Eric Owens wins the first Open event in the 2007 JOOLA North American Tour.  He defeated Guo Xi at the 2007 Western Open 4-1 to become Champion. Pictures Coming Soon

2007 Western Open
Recreational Sports Facility
University of Berkeley, Berkeley, California
February 17th and 18th

New Year celebrations are tied to expectations, to new beginnings and new commitments.  Fireworks, parades and special traditions abound!  So it seems very appropriate that the first NATT tournament of 2007 fell on the same dates as the Chinese New Year.  The tournament had spectacular results, a parade of great matches and honored the best of NATT traditions.  It was the inaugural tournament of the brand new JOOLA North American Tour, celebrating our new sponsorship with that brand.  Life University, a Chiropractic School, has signed on as a new season-long sponsor.  These two commitments are vital to the continued growth of the Tour.

Continued growth was exactly what we saw in attendance, as 274 players came to the event.  Our host, UC Berkeley’s Table Tennis club, once again gave an astounding effort in providing volunteers for setup and teardown, and Yau-Man Chan, the club advisor, now appearing weekly on CBS-TV’s ‘Survivor’ series, was a human dynamo of problem-solving good cheer.  Dr. Azmy Ibrahim presided over a conflict-free event.  Azmy’s Army of qualified umpires, Saul Weinstein, Tom Miller, Michael Green and Yelena Karshtedt worked the feature matches and adjudicated any disputes that did arise.  Nan Li, manning the JOOLA equipment booth, saw reason for celebration. “California has given us a very warm reception and players seem pleased with our new products” the JOOLA North America VP said.

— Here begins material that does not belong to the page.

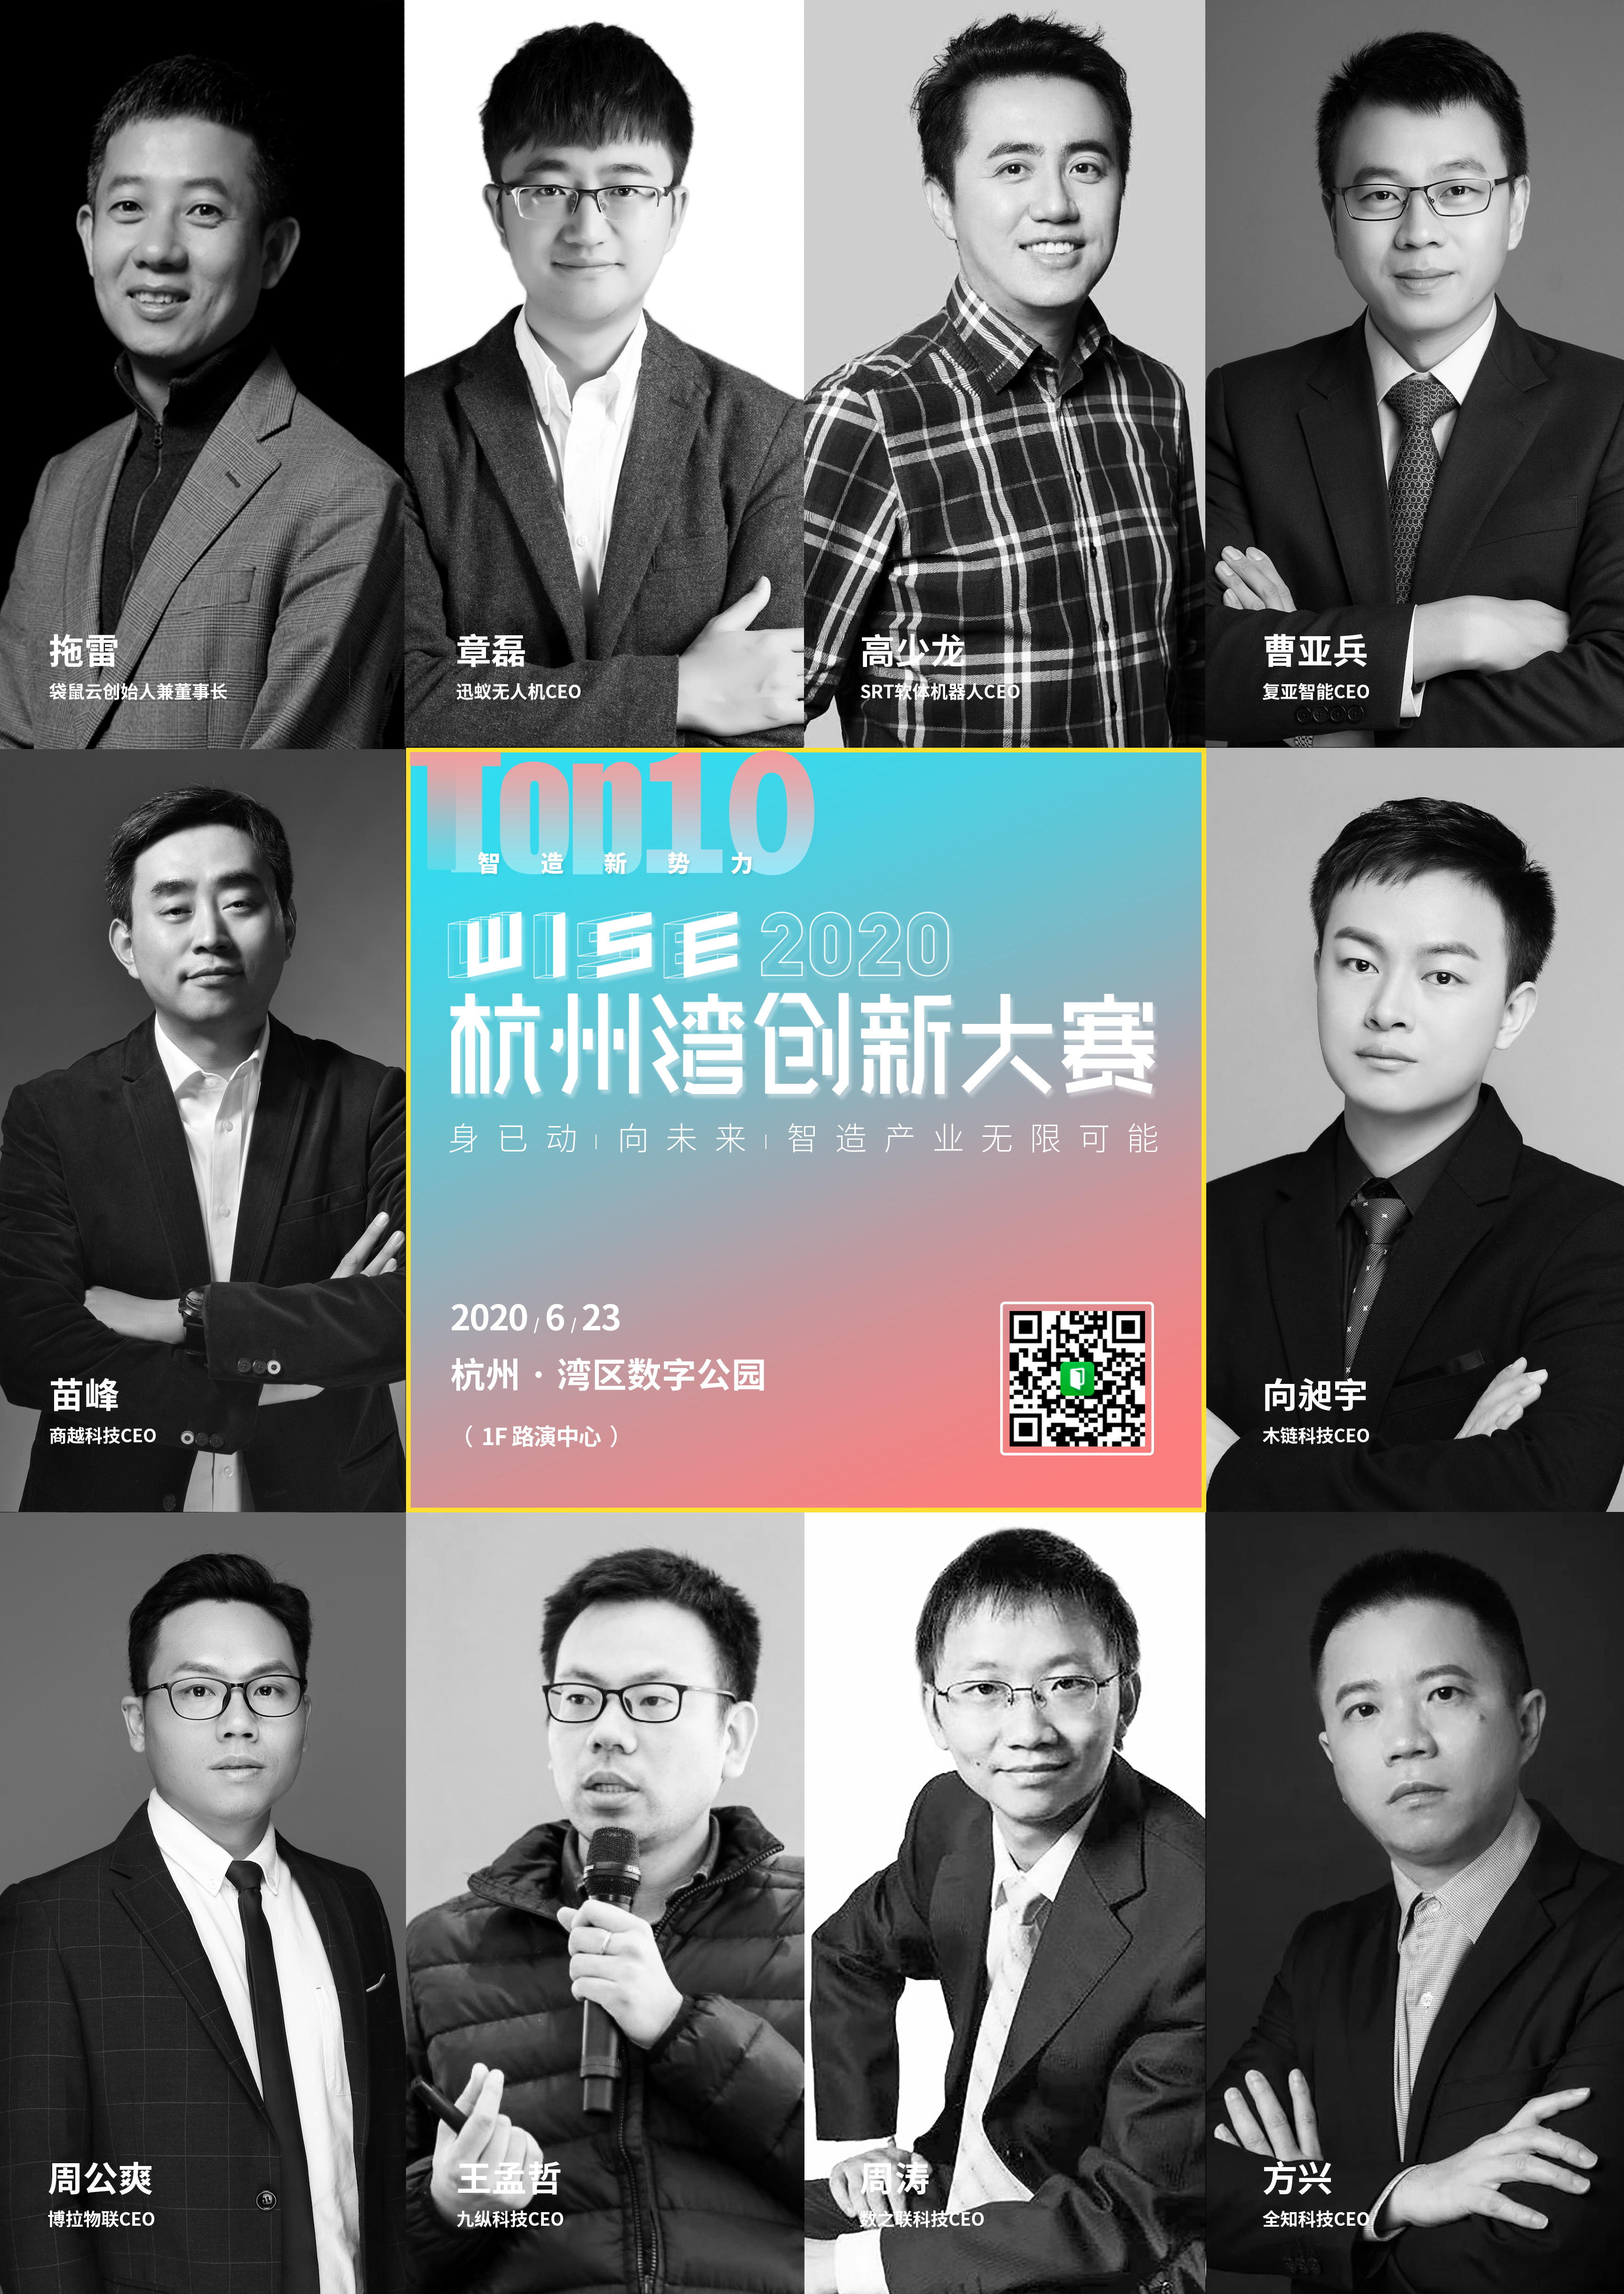 「WISE杭州湾创新大赛」风口中的创业助推器！

It may have been a new year, but time showed no meaning for Dave Sakai!  In the Sol Feingold Memorial Senior events, Dave came second in the Over 40 to Dr. Tuan Le, second in the Over 50 to Kock Loe and first in the Over 60, placing ahead of Mao Toon Siong.  New Year, but same old Sakai!  

On the other end of the time scale there was Erica Wu.  Erica had an outstanding tournament at the Western Open, winning three events in the Ying-Lo Junior Competitions.  She had first place in the Girls Under 13, Girls U-16 and Girls U-18, including a nearly 400 rating point upset of Su Quanying in that last event.  To go with these three, young Ms. Wu added first place honors in the U-1700 rating event, by virtue of a hard fought seven game win against Kenny Mock.  Four Championship Trophies is certainly a good way to start the year!

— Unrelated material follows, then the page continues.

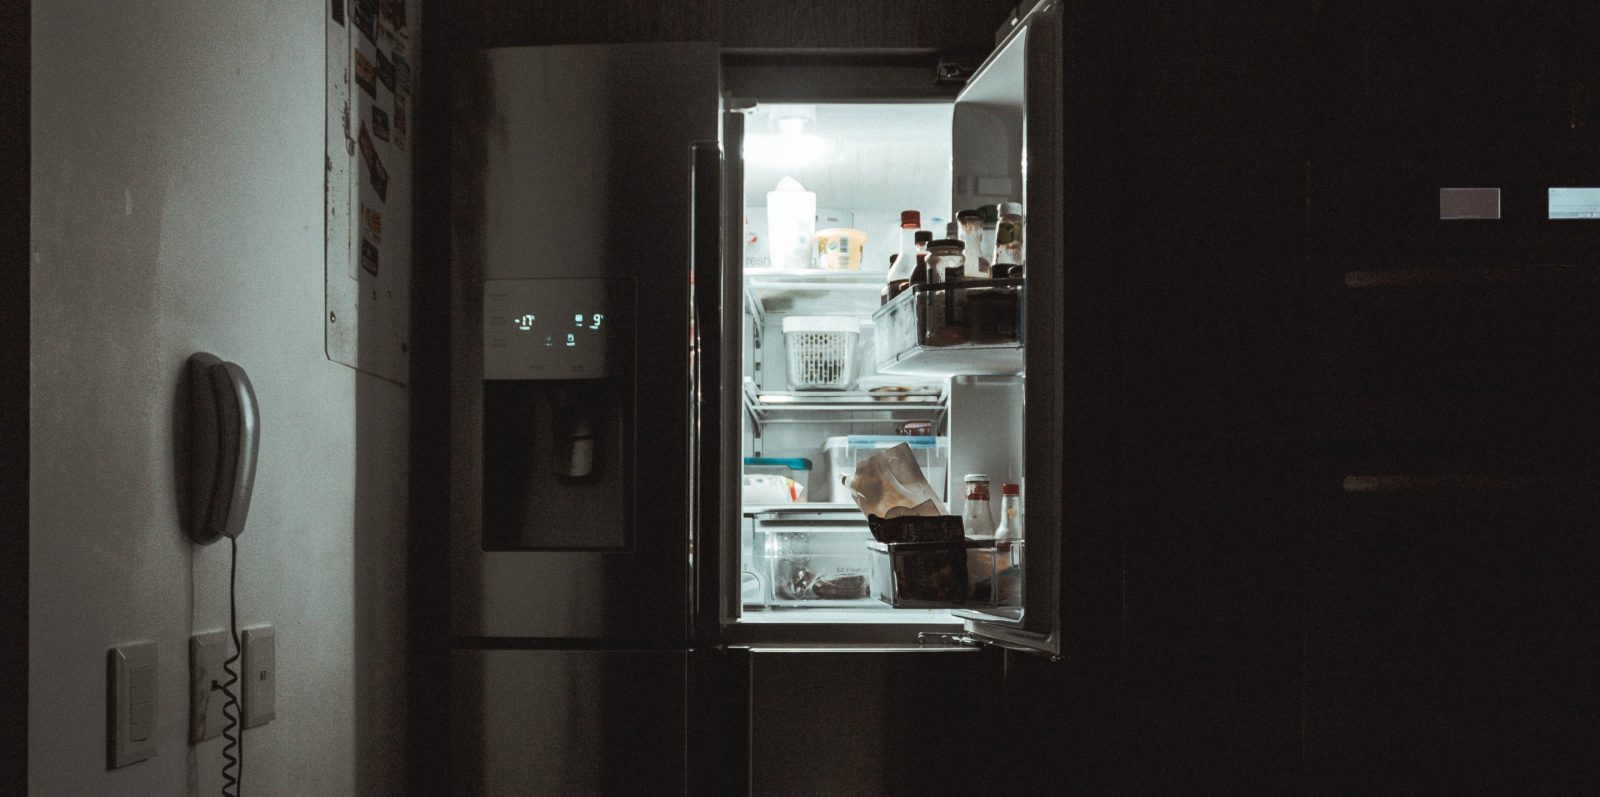 Comment entretenir son réfrigérateur pour éviter de trop consommer

Other notable successes belonged to Tomas Fuentes-Affleck, Champion of both the Boys U-16 and U-18, and the hardworking Trevor Runyan who defeated Tuan Le in six games for the U-2375 title, lost to Freddie Gabriel in seven games for the U-2500, and made the Quarterfinals of the Open Singles.  Misha Kazantsev, likewise made the Open Singles Quarterfinal, by virtue of a nifty win over Eric Owens in his RR group, and also nailed down the U-22 Men’s win in six games with Sean C. Lee.  

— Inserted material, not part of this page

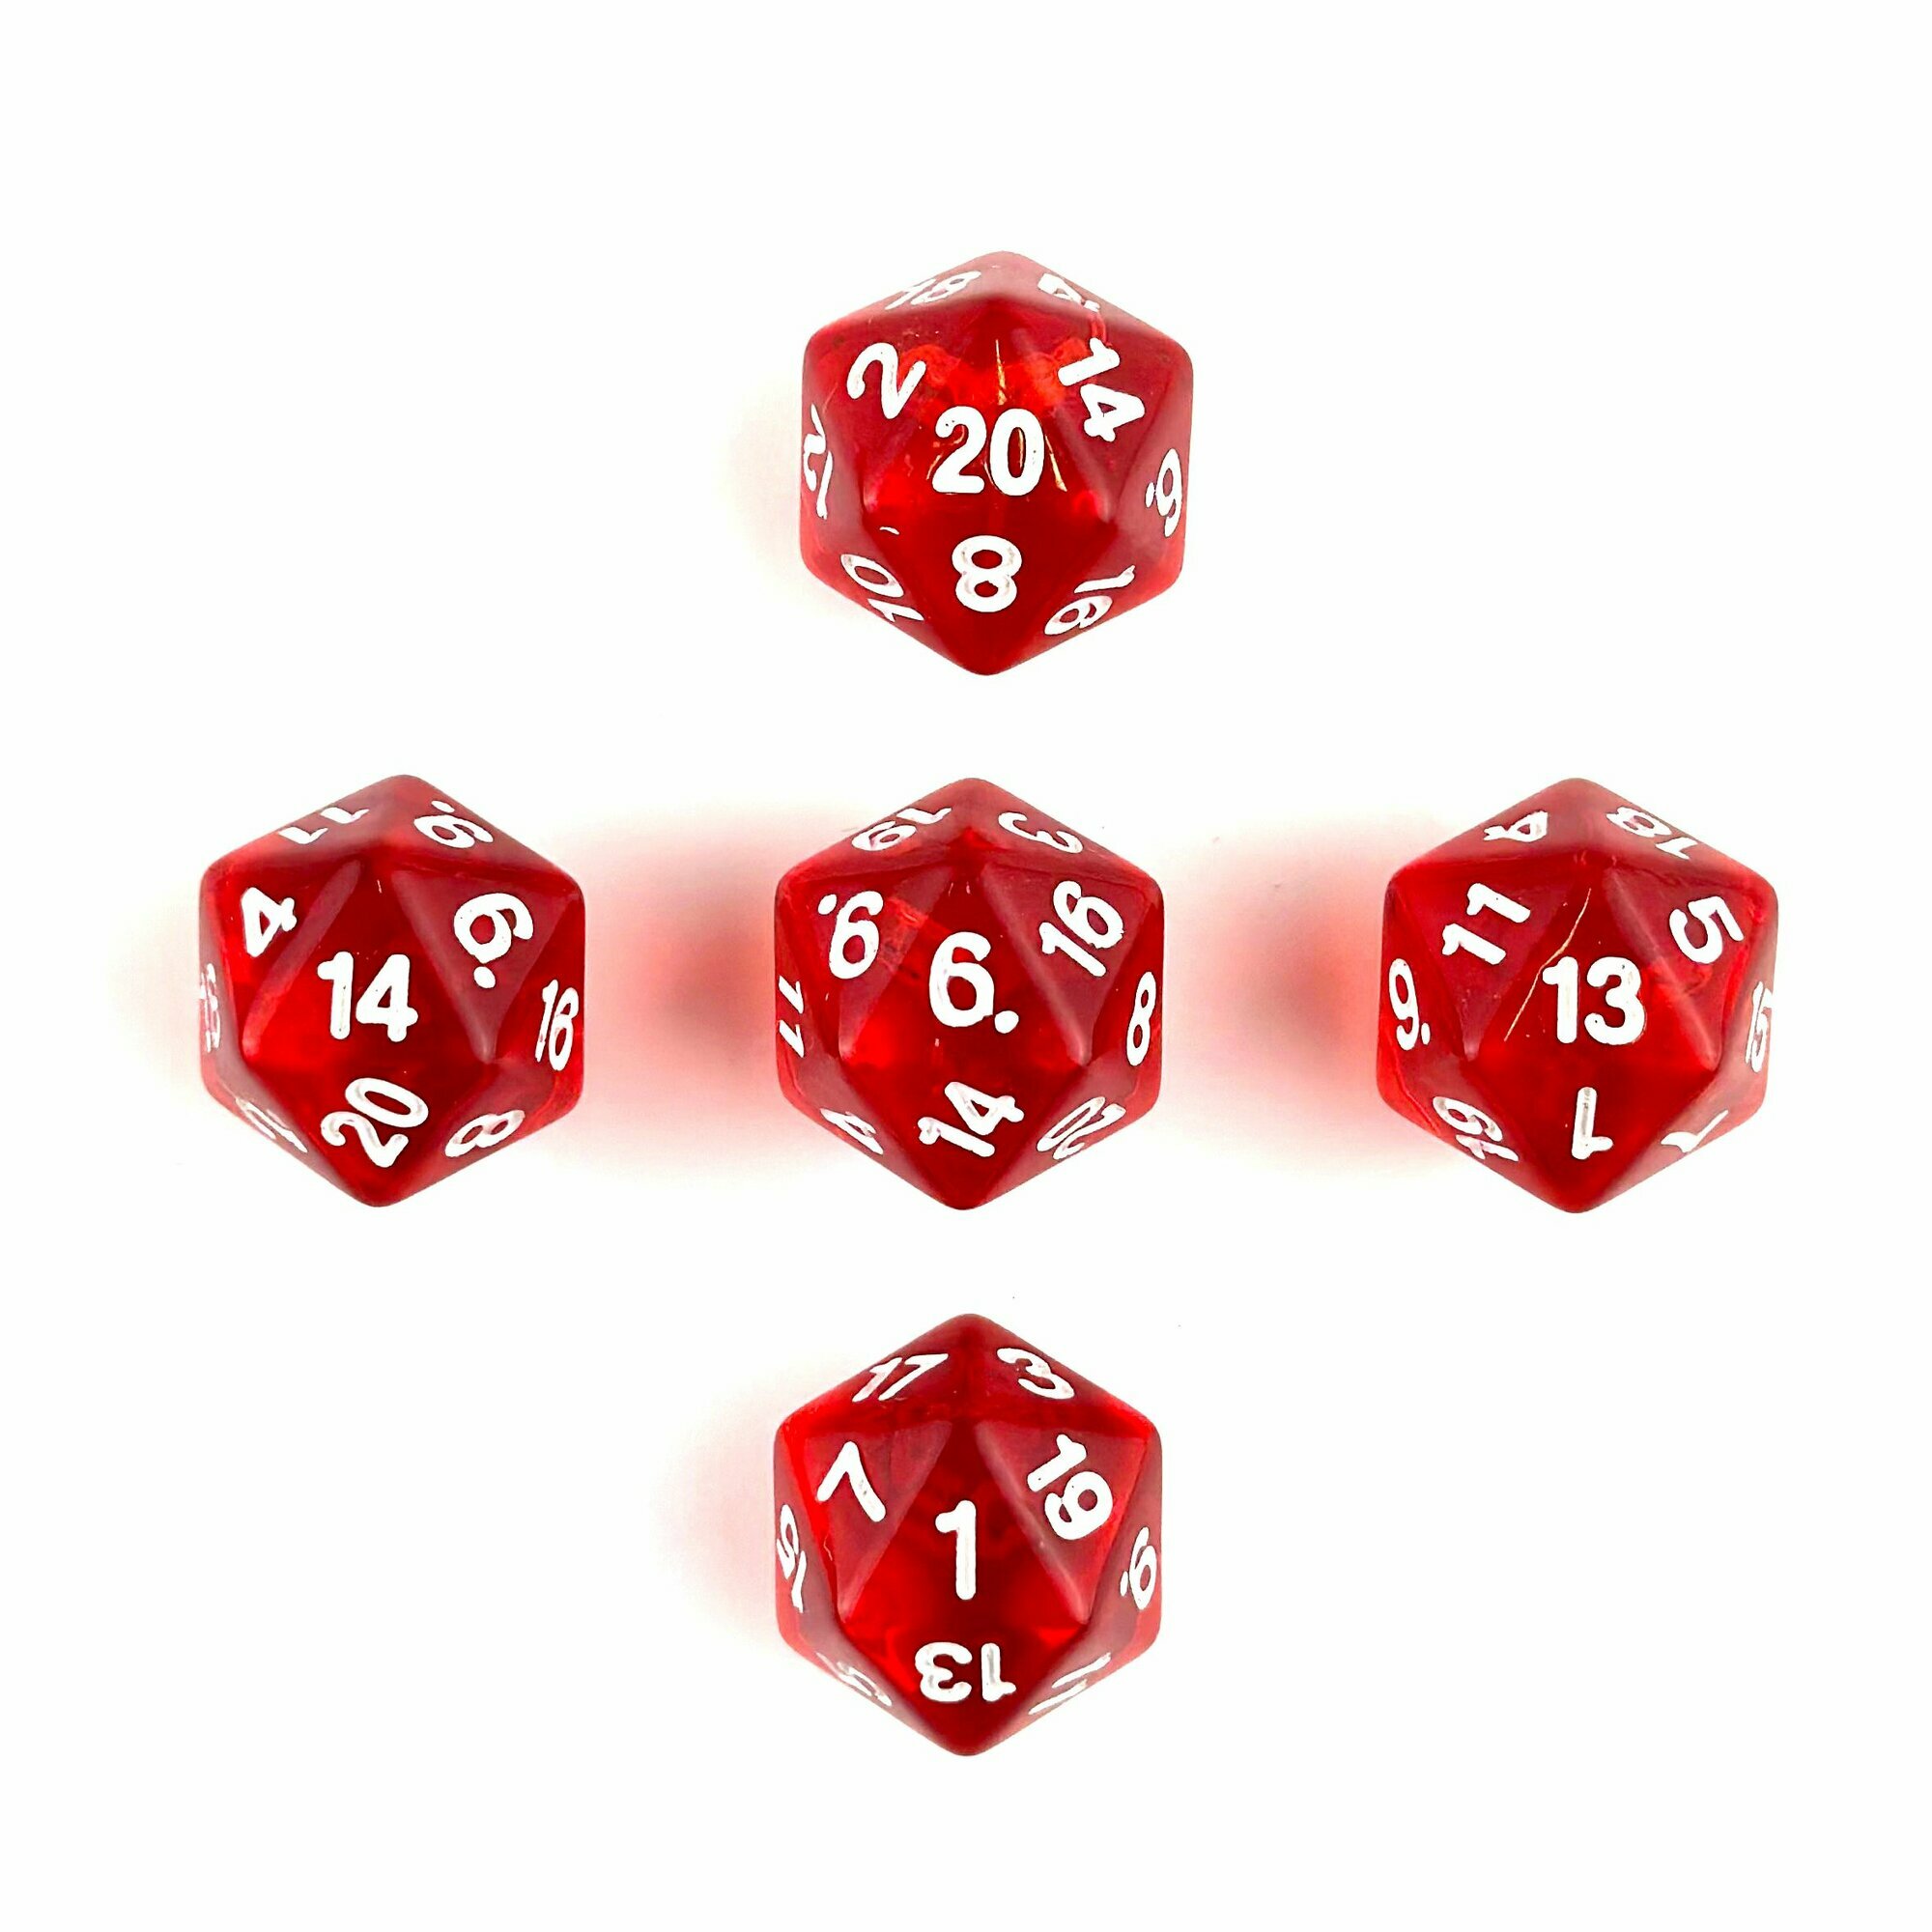 Кубик двадцатигранный красный прозрачный (D20) для настольных и ролевых игр, набор 5 штук

The new year brought a new turn too for Zheng Jiaqi, the Western Open Women’s Champion.  Disappointed by her previous match with Sara Fu at October’s Tour Final, a 4 games to 1 loss, Zheng reversed that outcome here, by scores of 3,-8,11,-3,6,9.  Both Jiaqi and Sara had had disappointing outcomes in their Open Singles Round Robin groups, so this match helped alleviate Zheng’s disappointment, but compounded Sara’s.

Open Singles Second Stage Round Robins

Group 1: Feth; Fu; Runyan; Ping
The tournament’s top seed, Stefan Feth, figured to have little difficulty in this group and he didn’t.  Other than dropping one game 13-11 to Sara Fu, Stefan was a perfect 3-0 and advanced to the Quarterfinals as a #1 seed.  Whitney Ping, who came into the group as a qualifier, lost to Sara four games to one, and lost a titanic struggle with Trevor Runyan, 7,-6,8,-8,7,-10,9 to finish fourth in the RR.  That left Trevor and Sara to go head to head to find the second advancing player.  Runyan overcome a 100 rating point disadvantage and a 3-1 game count against Sara to take his Quarterfinal slot, -9,8,-9,-5, 5 6 9 in a great display of determination and stamina.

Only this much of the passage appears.